Let $X_n$ iid $\mathrm{Uniform} (0,1)$ r.v. How can I compute $$\liminf_{n\to \infty }n^{1/3}\max\{X_n,X_{n+1},X_{n+2}\}$$ and $$\liminf_{n\to \infty }\log(n)n^{1/3}\max\{X_n,X_{n+1},X_{n+2}\}\ \ ?$$
Since I don't have sum I think I can't use law numbers theorem (or I don't see how).
In fact, I have that if $Y_n=\max\{X_n,X_{n+1},X_{n+2}\}$, then $$\mathbb P\{Y_n\leq y\}=\mathbb P\{X_1\leq y\}^3=y^3.$$ But still, I don't see how to conclude.

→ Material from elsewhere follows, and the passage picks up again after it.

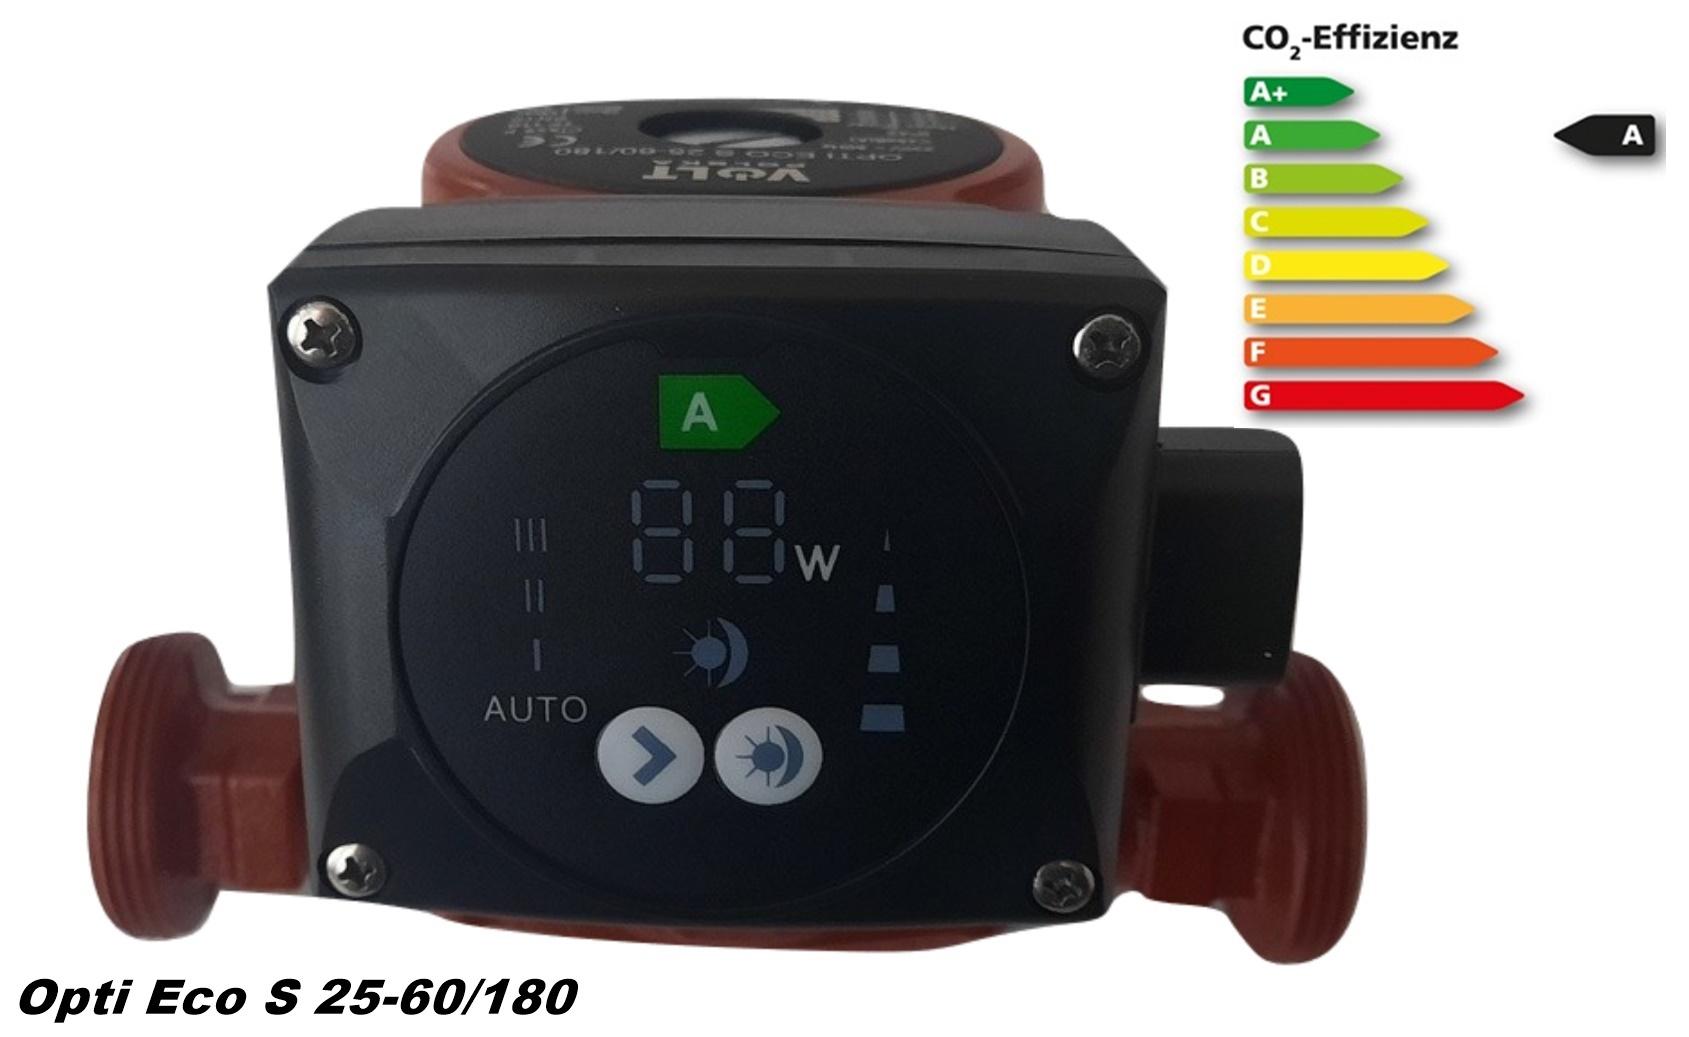 Opti ECO S 25-60/180 Hocheffiziente Zirkulationspumpe Umwälzpumpe Heizungspumpe
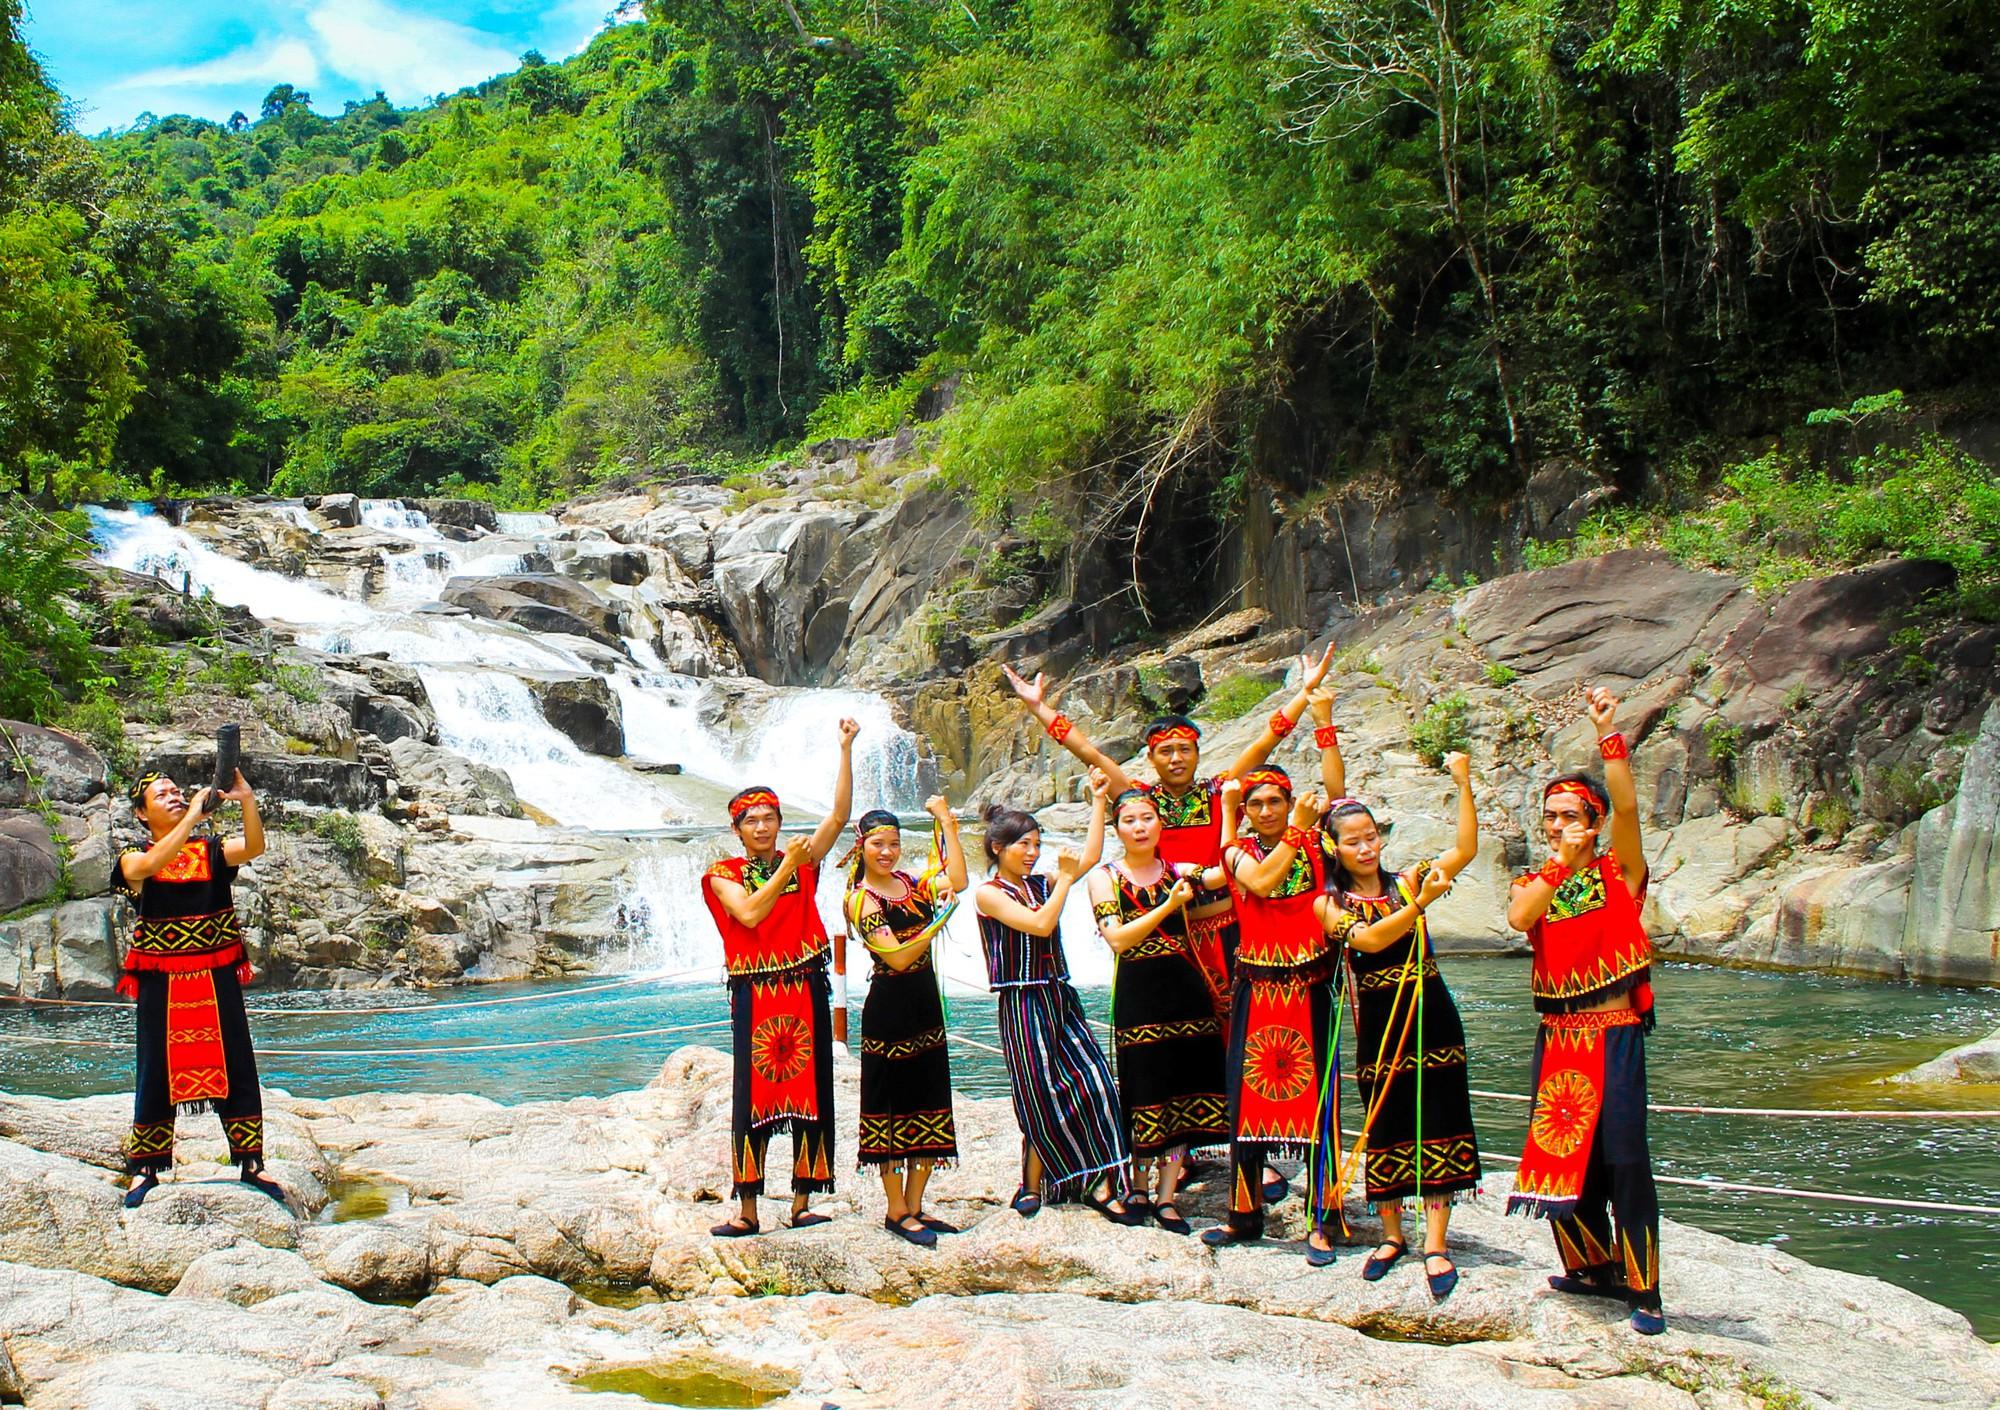 Thác Yang Bay - Non nước hữu tình 1 tại Nha Trang

Notice that the sequence $\left( Y_{3n}\right)_{n\geqslant 1}$ is independent and that for each positive $\varepsilon$, the series $\sum_{n\geqslant 1}\Pr\left(Y_{3n}/3n\leqslant \epsilon\right)$ diverges. Using the Borel-Cantelli lemma, we get $\Pr\left(\liminf_{n\to \infty}\left\{ 3nY_{3n} \gt \epsilon\right\} \right)=0$ and from with, we get that $\liminf_{n\to + \infty}3nY_{3n} =0 $ . A similar argument applies to the sequence $\left((3n+1)Y_{3n+1} \right)_{n\geqslant 1}$ and $\left((3n+2)Y_{3n+2} \right)_{n\geqslant 1}$.
For $\liminf_{n\to +\infty}\log(n)n^{1/3}\max\{X_n,X_{n+1},X_{n+2}\}$, the difference is that for each $R$, the series $\sum_{n\geqslant 1}\Pr\left\{\log\left(3n\right) (3n)^{1/3} Y_{3n}\leqslant R \right\}$ is convergent.